Study material:
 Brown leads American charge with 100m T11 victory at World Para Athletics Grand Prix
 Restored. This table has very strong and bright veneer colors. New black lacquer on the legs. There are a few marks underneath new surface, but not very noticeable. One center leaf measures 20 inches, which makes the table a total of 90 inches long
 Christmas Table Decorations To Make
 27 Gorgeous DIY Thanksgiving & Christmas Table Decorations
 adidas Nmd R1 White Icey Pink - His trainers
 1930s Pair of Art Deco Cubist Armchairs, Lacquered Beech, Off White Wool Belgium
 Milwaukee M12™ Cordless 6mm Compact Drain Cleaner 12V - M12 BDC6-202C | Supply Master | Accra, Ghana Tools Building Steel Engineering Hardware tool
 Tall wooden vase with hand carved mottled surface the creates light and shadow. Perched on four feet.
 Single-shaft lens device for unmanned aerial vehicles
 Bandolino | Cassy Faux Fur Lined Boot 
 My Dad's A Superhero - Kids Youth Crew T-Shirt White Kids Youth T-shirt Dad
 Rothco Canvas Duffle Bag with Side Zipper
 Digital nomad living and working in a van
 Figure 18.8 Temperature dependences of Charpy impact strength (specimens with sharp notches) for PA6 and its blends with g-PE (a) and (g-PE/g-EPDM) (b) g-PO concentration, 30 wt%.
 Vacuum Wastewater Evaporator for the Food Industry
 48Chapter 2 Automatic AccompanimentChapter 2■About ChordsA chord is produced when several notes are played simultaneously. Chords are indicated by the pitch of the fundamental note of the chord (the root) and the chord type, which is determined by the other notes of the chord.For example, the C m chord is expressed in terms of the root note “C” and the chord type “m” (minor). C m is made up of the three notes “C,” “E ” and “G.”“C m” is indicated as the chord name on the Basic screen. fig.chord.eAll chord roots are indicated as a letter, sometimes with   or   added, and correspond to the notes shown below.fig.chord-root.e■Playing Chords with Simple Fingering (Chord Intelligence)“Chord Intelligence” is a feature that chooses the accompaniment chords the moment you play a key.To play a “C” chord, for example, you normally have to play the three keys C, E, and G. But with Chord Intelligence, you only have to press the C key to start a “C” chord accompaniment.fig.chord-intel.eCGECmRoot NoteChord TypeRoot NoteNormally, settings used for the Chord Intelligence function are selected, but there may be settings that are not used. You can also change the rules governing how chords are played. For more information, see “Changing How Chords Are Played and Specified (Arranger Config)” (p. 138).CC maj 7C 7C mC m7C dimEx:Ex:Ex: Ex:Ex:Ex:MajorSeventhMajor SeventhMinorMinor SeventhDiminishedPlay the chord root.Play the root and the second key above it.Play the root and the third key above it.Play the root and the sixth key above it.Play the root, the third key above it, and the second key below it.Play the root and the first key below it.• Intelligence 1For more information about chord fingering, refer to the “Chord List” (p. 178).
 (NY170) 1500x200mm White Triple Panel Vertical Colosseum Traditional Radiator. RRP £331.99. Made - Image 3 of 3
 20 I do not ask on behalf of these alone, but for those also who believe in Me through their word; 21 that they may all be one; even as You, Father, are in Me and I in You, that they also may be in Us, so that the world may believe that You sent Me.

What you have to do:
Only one stretch of the data above is needed. Restate it word for word, from the line containing "Restored. This table" through the line containing "adidas Nmd R1 White Icey Pink - His trainers", both ends included.

Completed exercise:
 Restored. This table has very strong and bright veneer colors. New black lacquer on the legs. There are a few marks underneath new surface, but not very noticeable. One center leaf measures 20 inches, which makes the table a total of 90 inches long
 Christmas Table Decorations To Make
 27 Gorgeous DIY Thanksgiving & Christmas Table Decorations
 adidas Nmd R1 White Icey Pink - His trainers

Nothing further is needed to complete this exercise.